In other words it doesn't force you to add an SBOM + EOX checker step to your CI pipeline. But if your compliance auditor wants you to check your dependencies, adding such a standardized step makes it easier to satisfy the auditor.

repelsteeltje•10mo ago
I'm basing this mostly off first hand and anecdotal evidence - but through the years I've found that the major contribution of audits lies in having to think about the checkboxes every now and then. And what they mean in the context of my organization or project.

Rarely have I found that compliance to the goals was an issue in themselves. Or that making changes to tick a checkbox correlated to material improvements.

That is to say that if this leads to more efficiency and makes it easier for compliance audits and such, I fear is stream lining the least impactful part of its goals.

hiatus•10mo ago
> Rarely have I found that compliance to the goals was an issue in themselves. Or that making changes to tick a checkbox correlated to material improvements.

I am confused when I hear people say stuff like this. I guess if you turn on a tool and never look at it again, it won't result in material improvements. But complying with regulations or a particular compliance regime should _absolutely_ result in at least _some_ material improvement to your security posture. Like you can implement segregation of duties just as a checkbox, or use the requirement to revisit the way you gate changes to production, as just one example.

repelsteeltje•9mo ago
It depends on where you're coming from. Your code base, that is.

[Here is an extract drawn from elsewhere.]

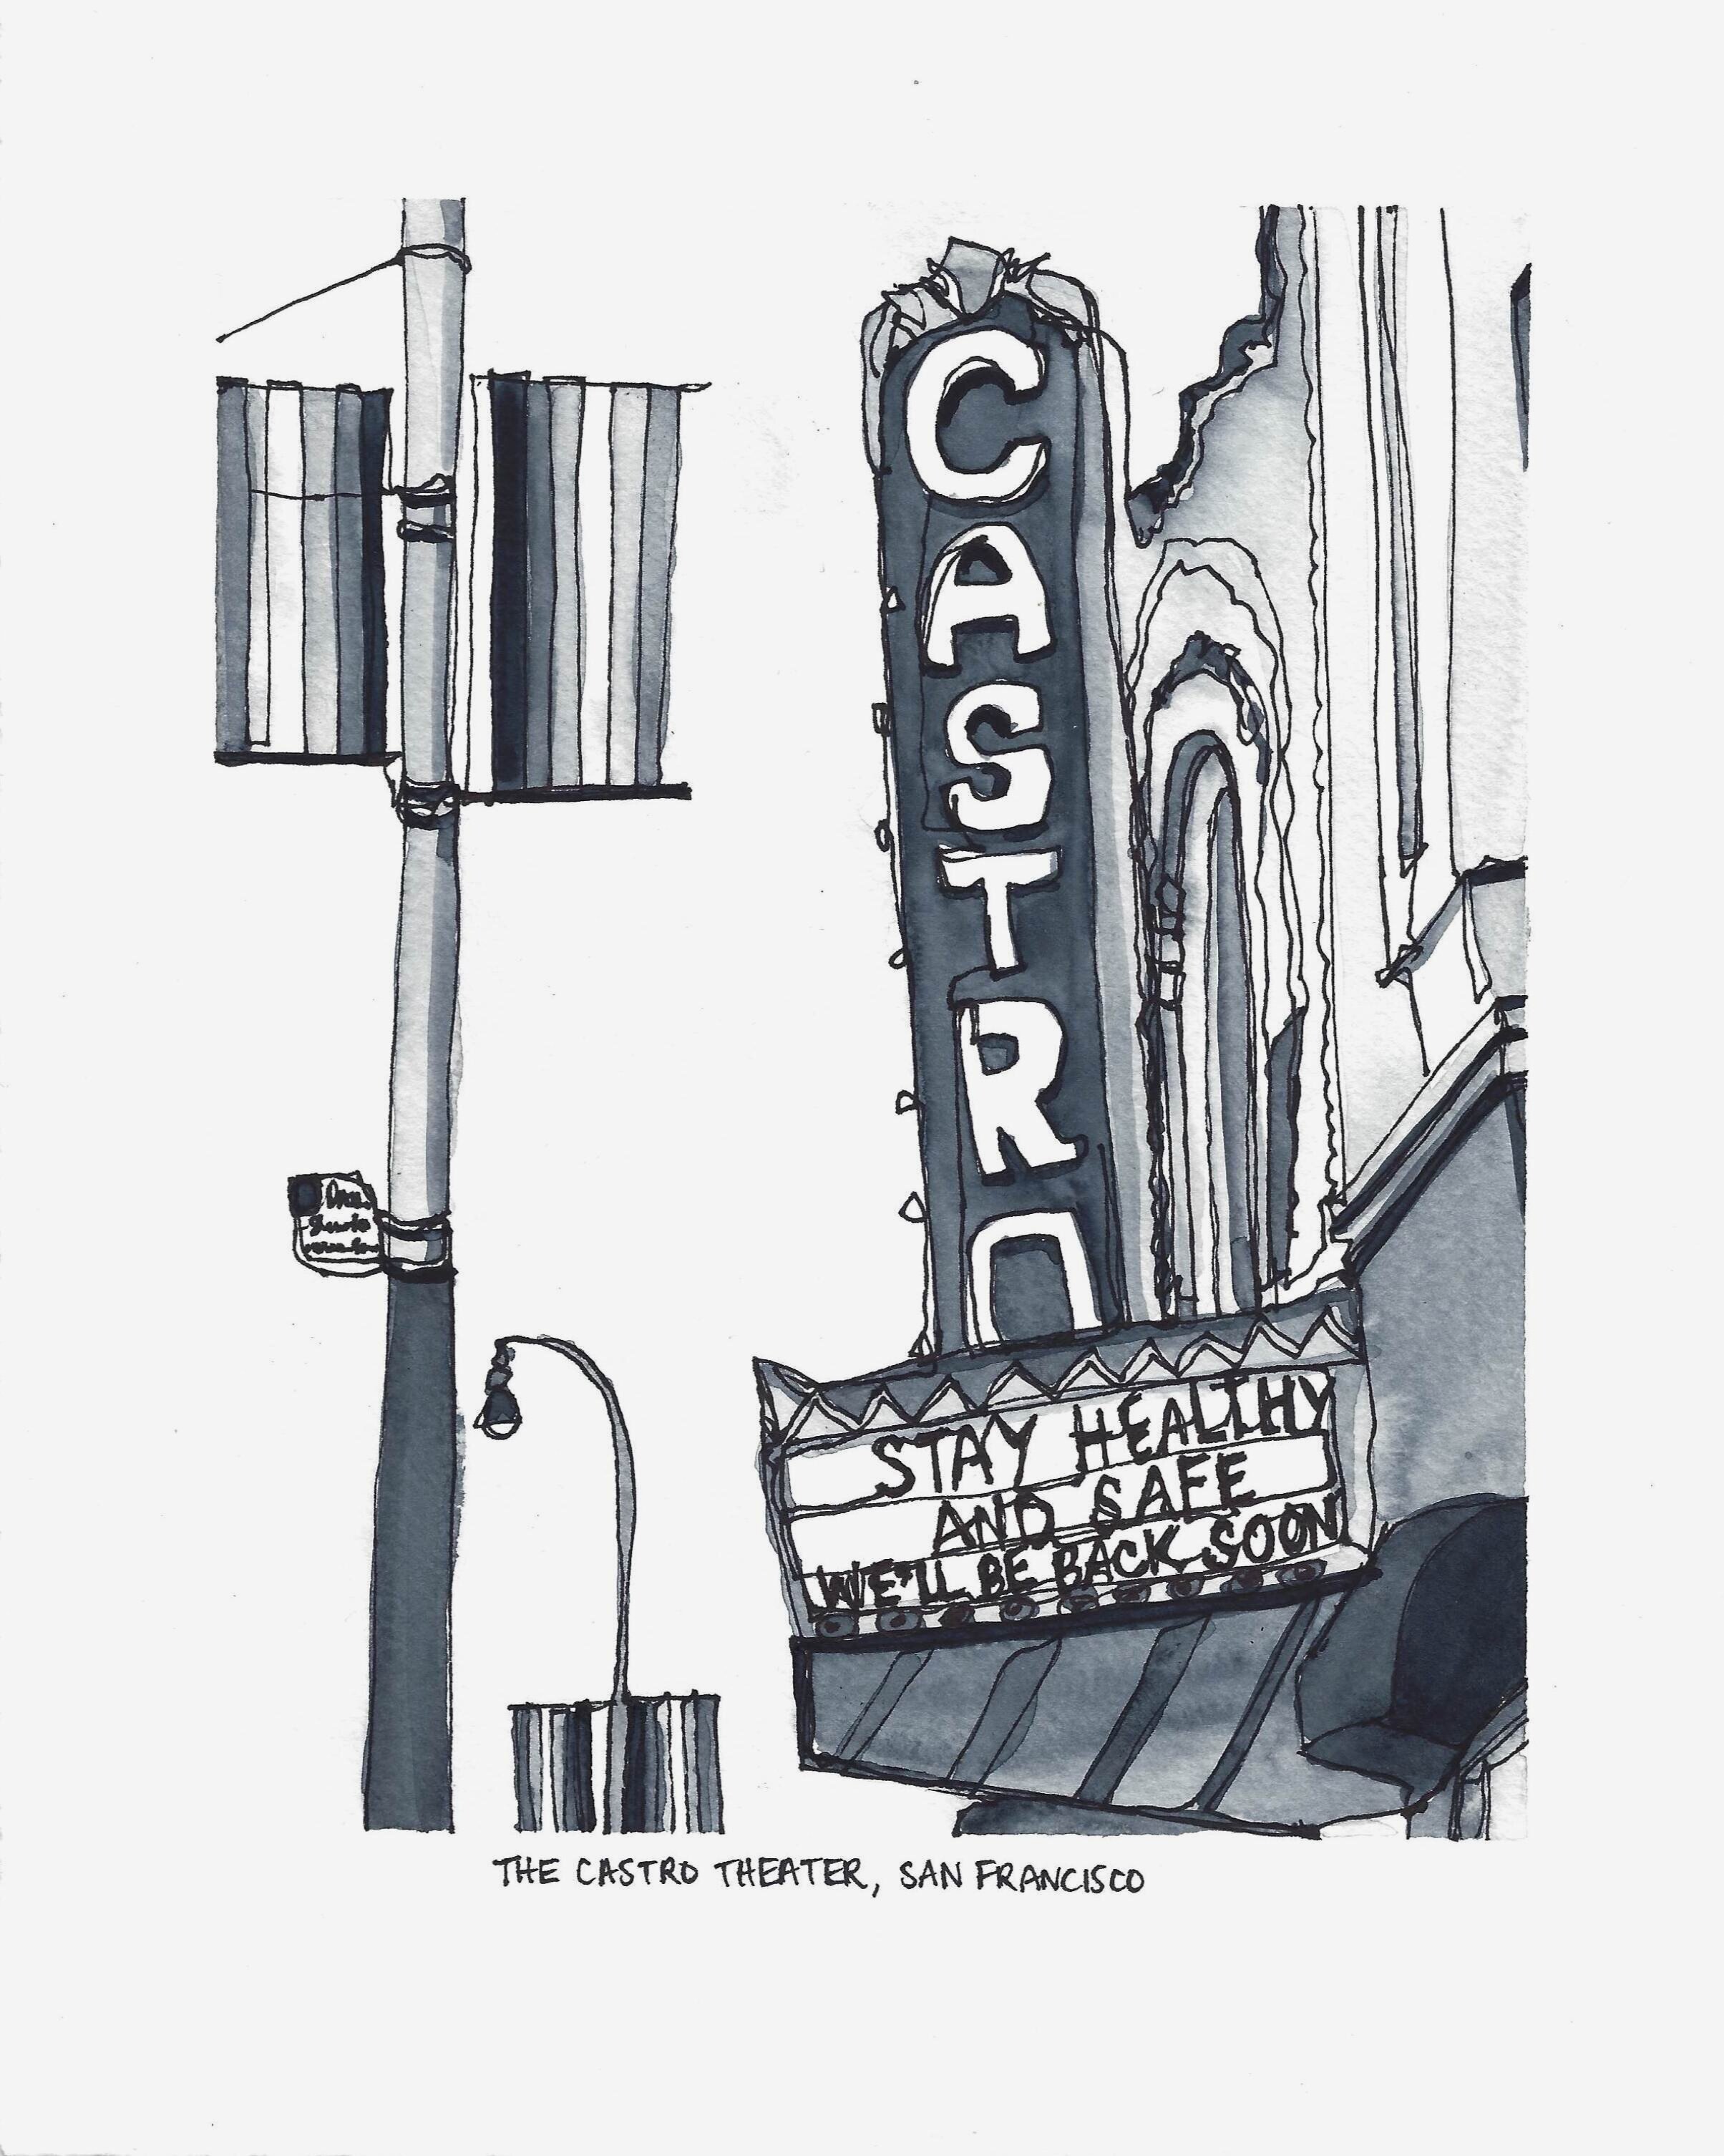 COVID-Closure Series; The Castro Theater, San Francisco
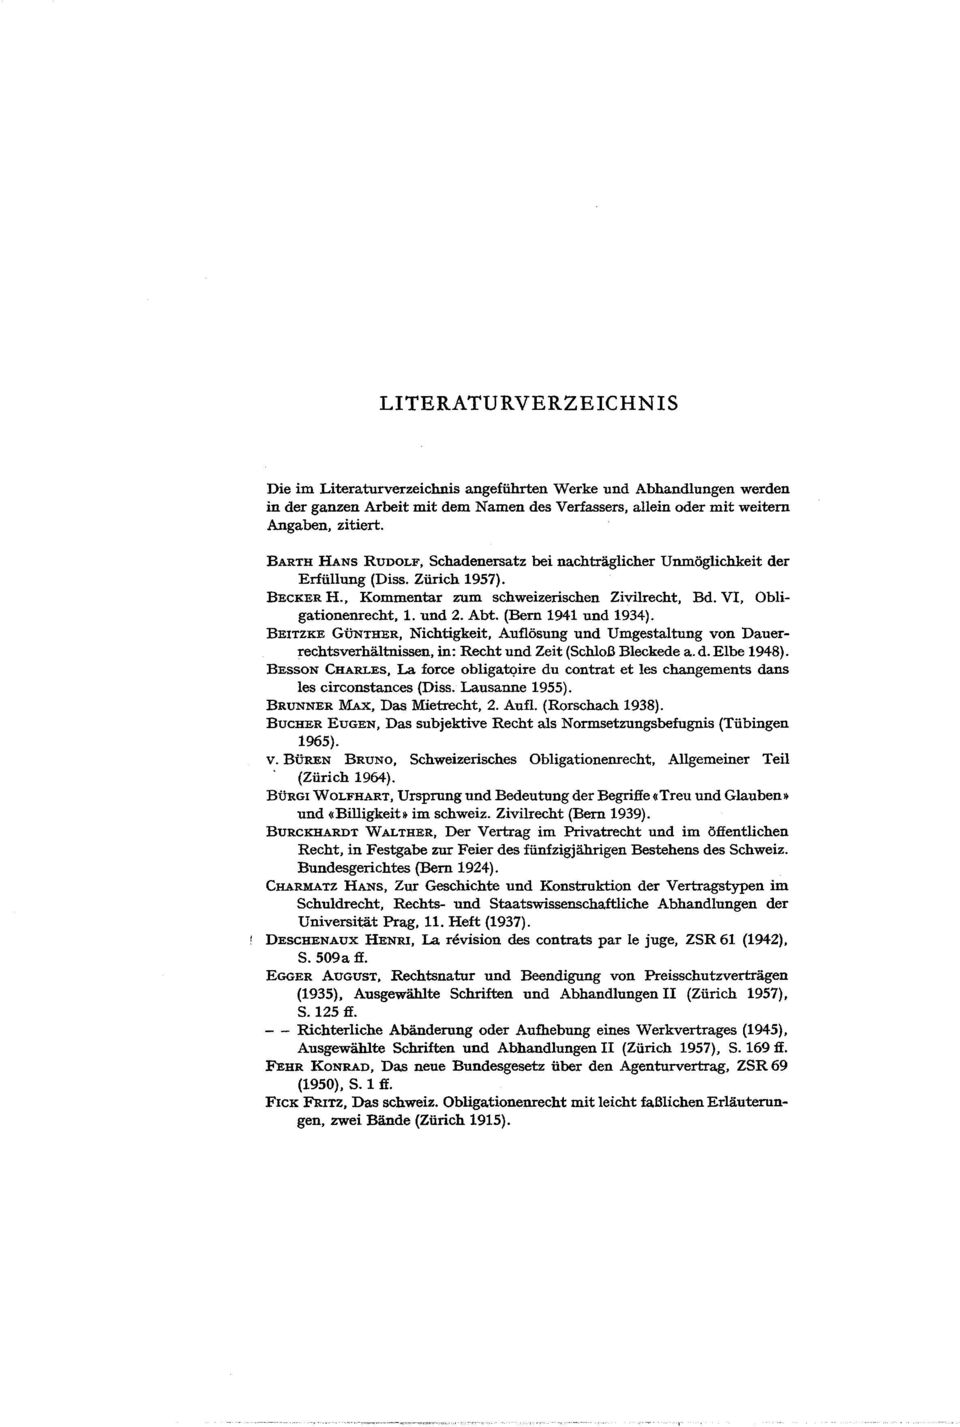 (Bem 1941 und 1934). BEITZKE GÜNTHER, Nichtigkeit, Auflösung und Umgestaltung von Dauerrechtsverhältnissen, in: Recht und Zeit (Schloß Bleckede a. d. EIbe 1948).

If it's already outstanding, you spend a lot of time revalidating what you already know and it's often a noisy process with many false positives.

If it's in a horrible state, however, the regulation often leaves a lot of wiggle room where you do some work to achieve, say, PCI compliance and then spend a lot of time arguing why this and that don't apply in your specific case.

So admitted, the is probably some improvement in the latter case but it's hardly proportional.

So IMHO, it doesn't help those of good will & expertise and does too little for the negligent. It adds noise and in the end quality still depends on factors other than compliance and certification.

T3OU-736•10mo ago
Htm. So, how does this compare, and/or is different from https://endoflife.date?
Arnavion•10mo ago
The standard is for software to report its own EOL / EOS status. The website you linked is the opposite direction - it's aggregating that status for a certain set of software.
T3OU-736•10mo ago
Aha. Very good point. SW self-reporting requires buy-in, though, which seems like a pretty high barrier.

I am very much hoping the effort succeeds, but I am also mindful of the fact that the site to which I have linked is more successful by virtue of having better coverage.

captn3m0•10mo ago
We (endoflife.date) are also excited about OpenEoX.
mud_dauber•10mo ago
JEDEC has long maintained an EOL/EOS standard for semiconductors. This was a big part of a previous PM gig. Sounds boring, and it was. But having a process kept us out of serious hot water.
Hackbraten•10mo ago
That EoX logo though.

Every organization or committee that designs a logo should be legally required to have at least one teenager on the board to prevent accidental goatse or other inadvertent blunders.

genter•10mo ago
Goatse has been around long enough that the teenagers are now in their thirties.